> [Source material]
>>>>>
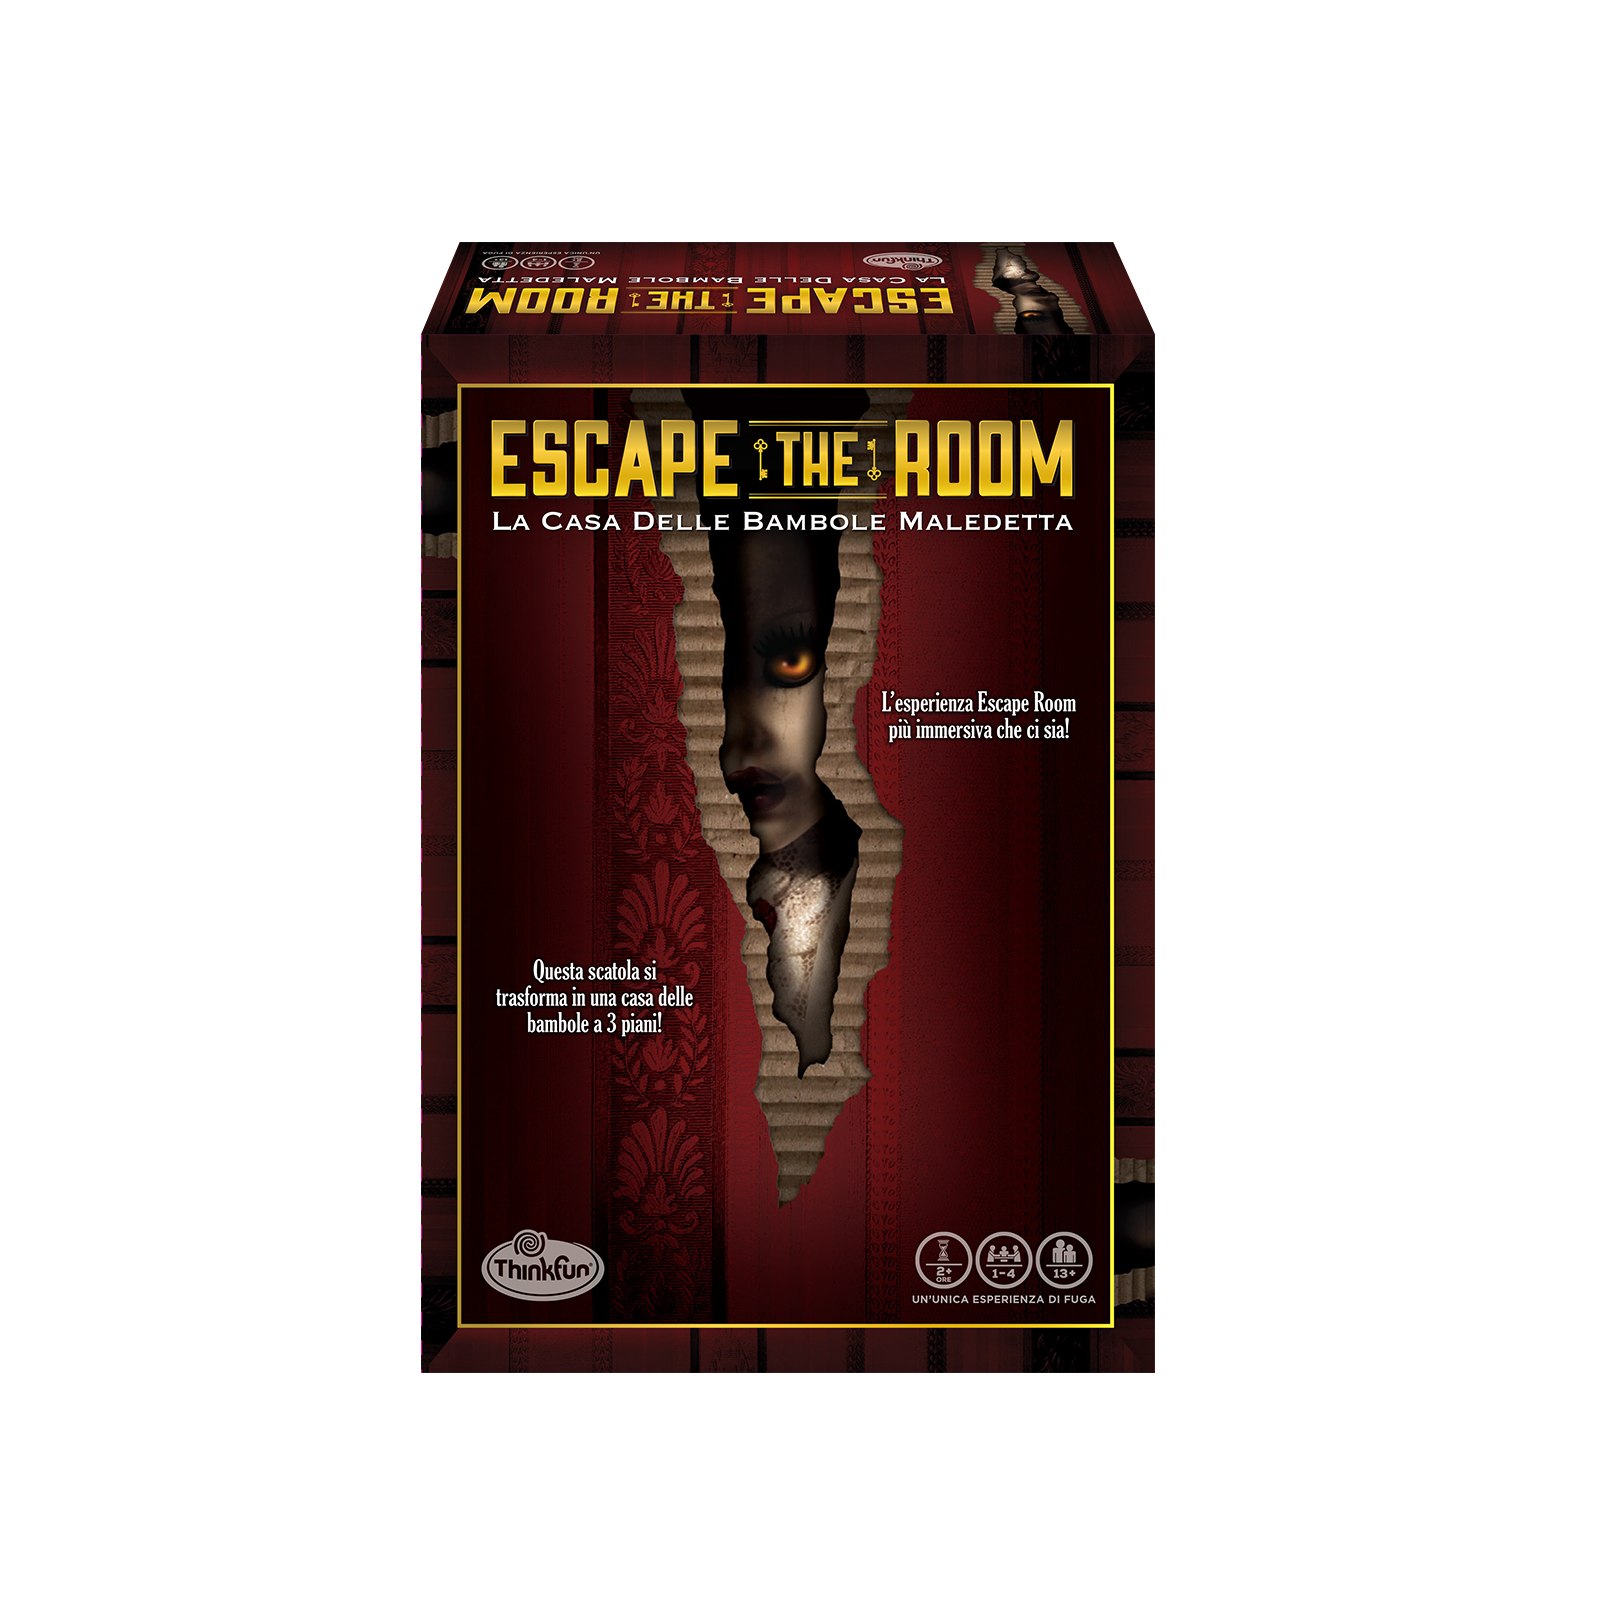 Thinkfun - escape the room "la casa delle bambole maledetta", gioco da tavolo, da 1 a 4 giocatori, 13+ anni - RAVENSBURGER
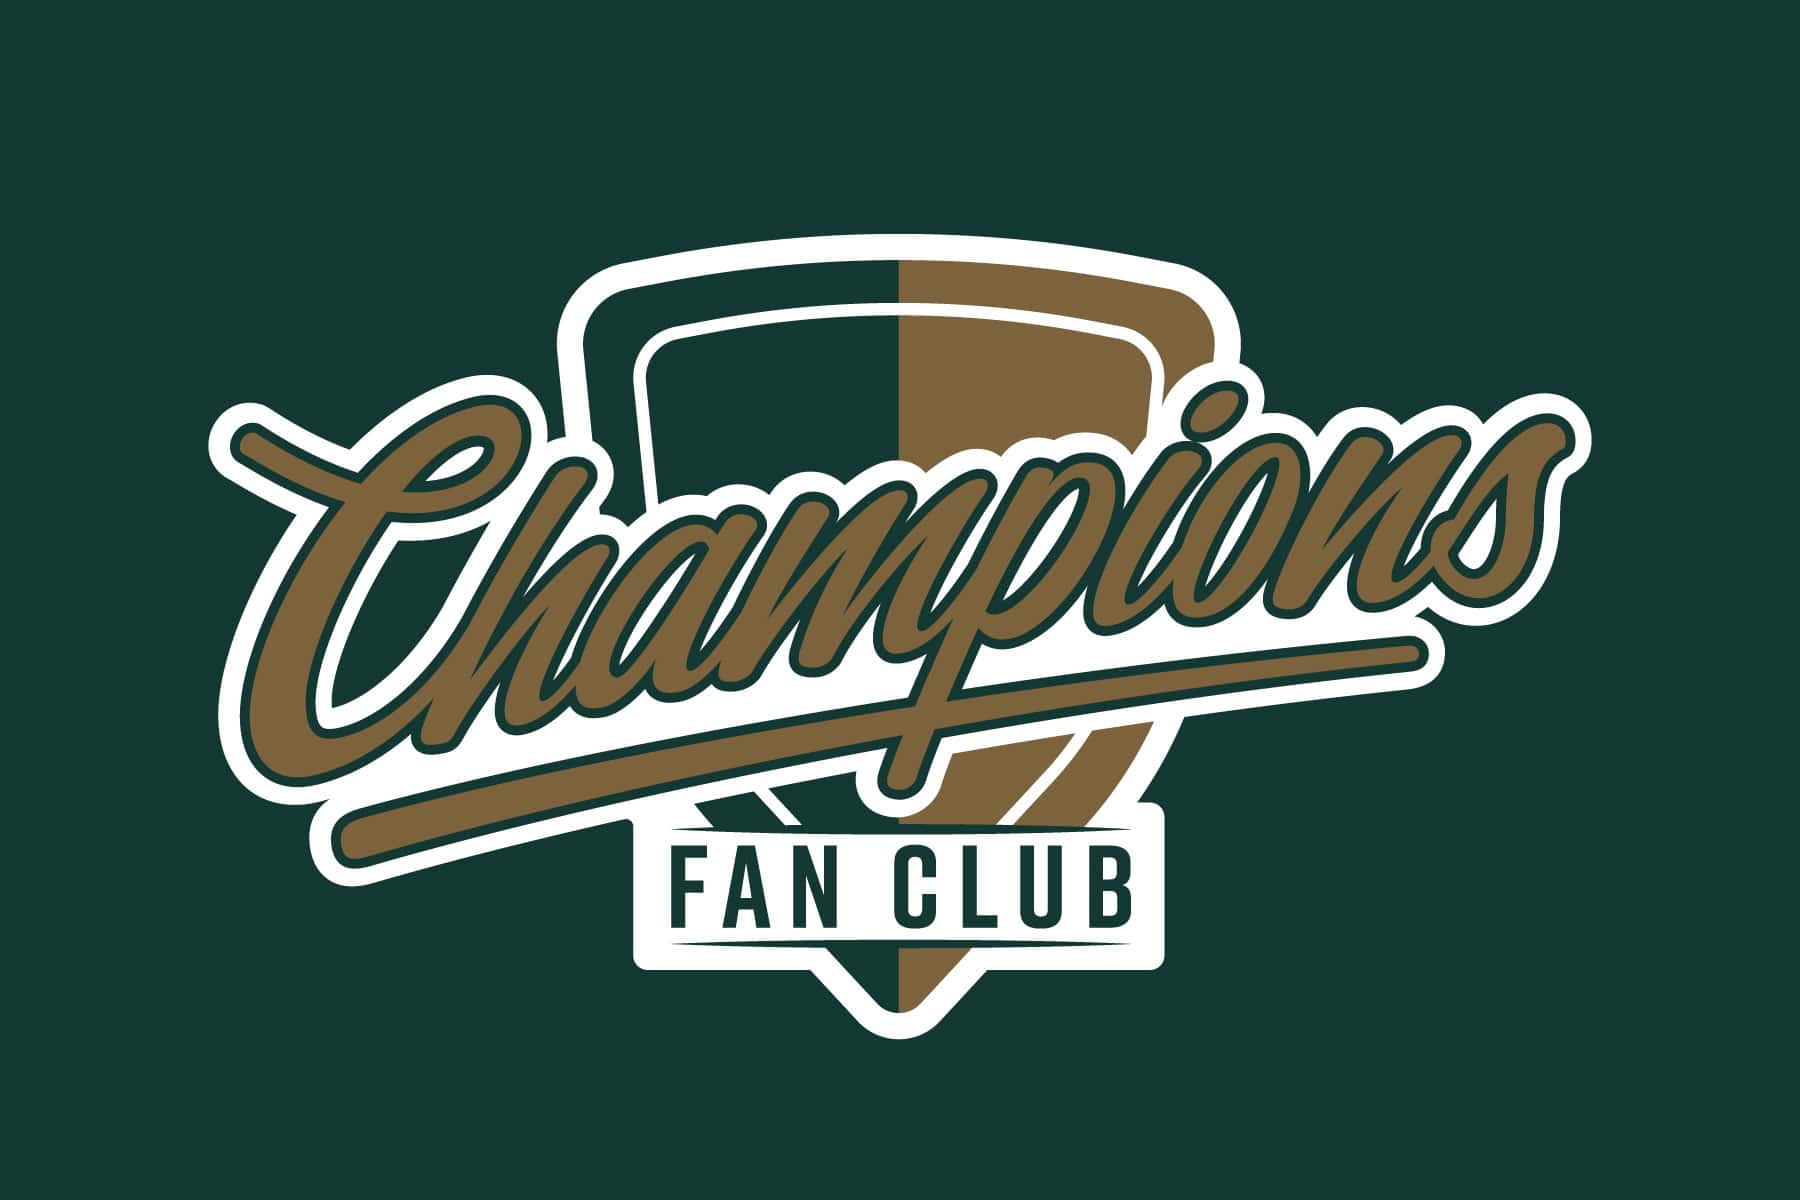 Champions Fan Club
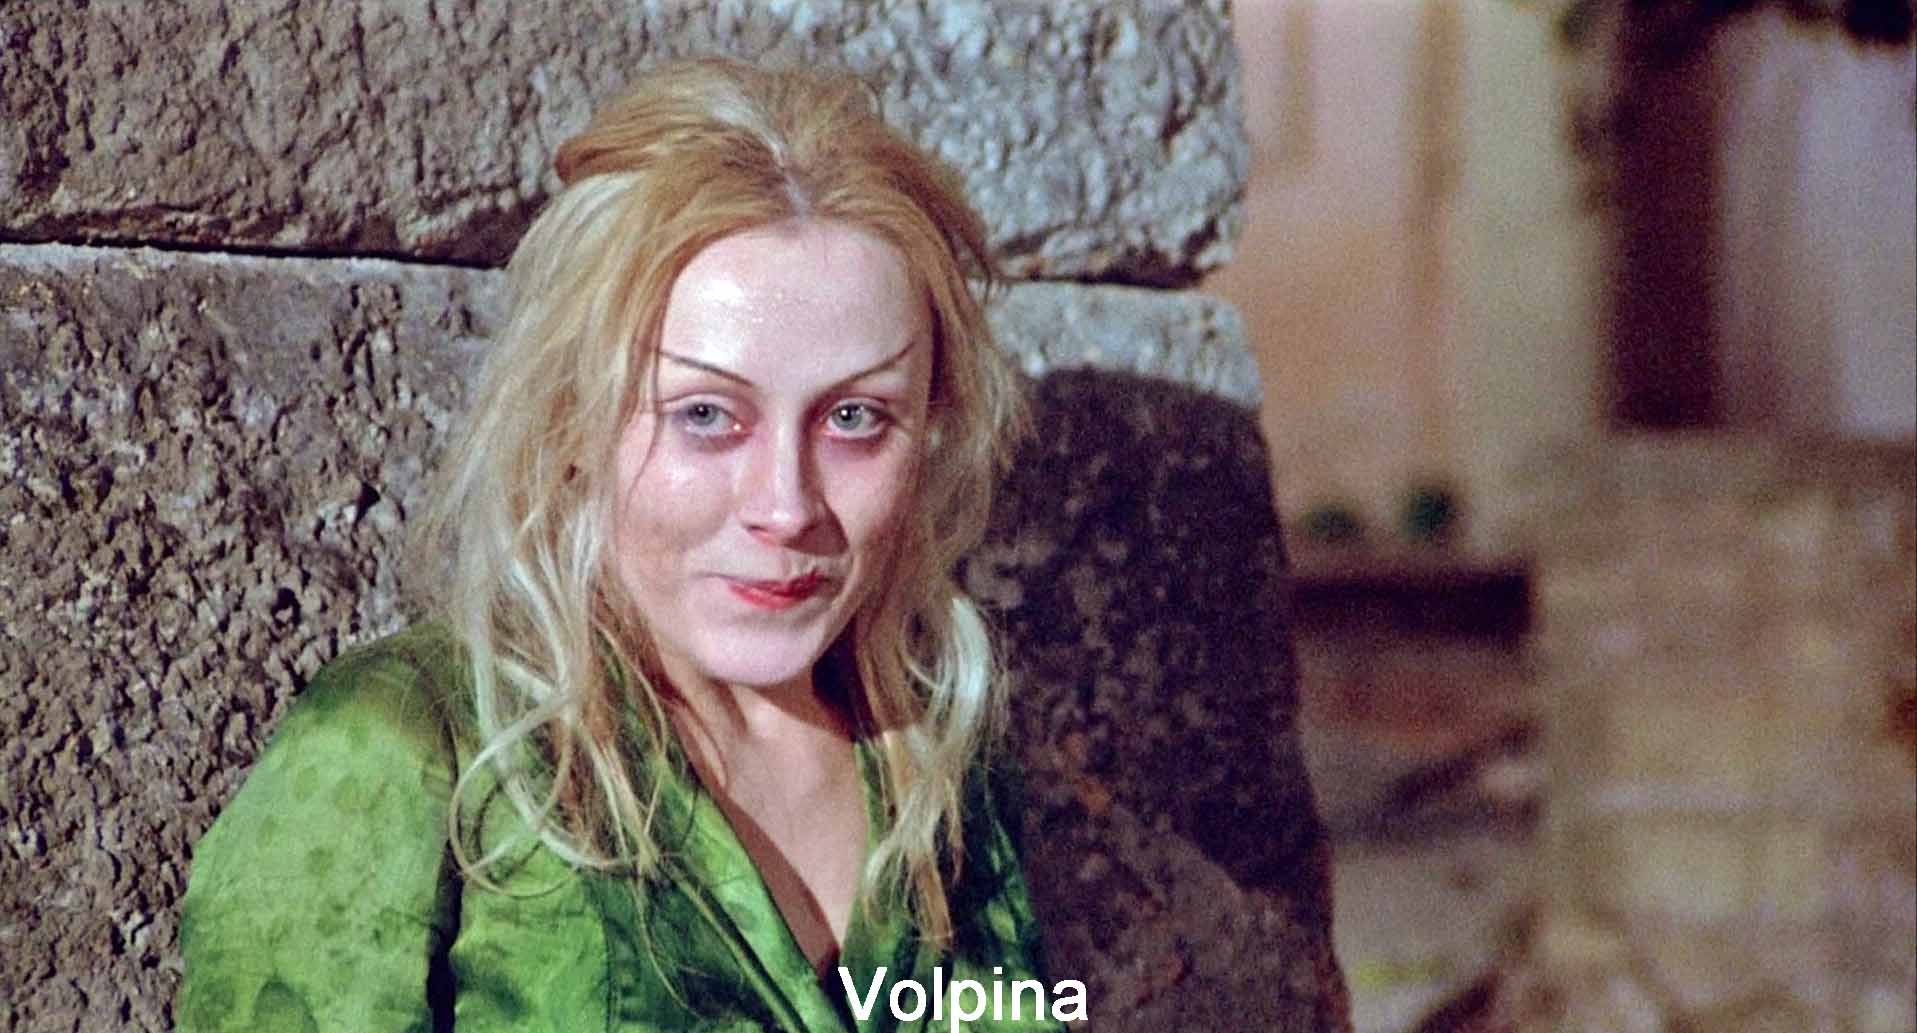 Volpina
<<<<<
> [Your objective] Could you reproduce the listing above word for word while leaving out its pictures?

> [Answer below]
 Thinkfun - escape the room "la casa delle bambole maledetta", gioco da tavolo, da 1 a 4 giocatori, 13+ anni - RAVENSBURGER
 Champions Fan Club
 Volpina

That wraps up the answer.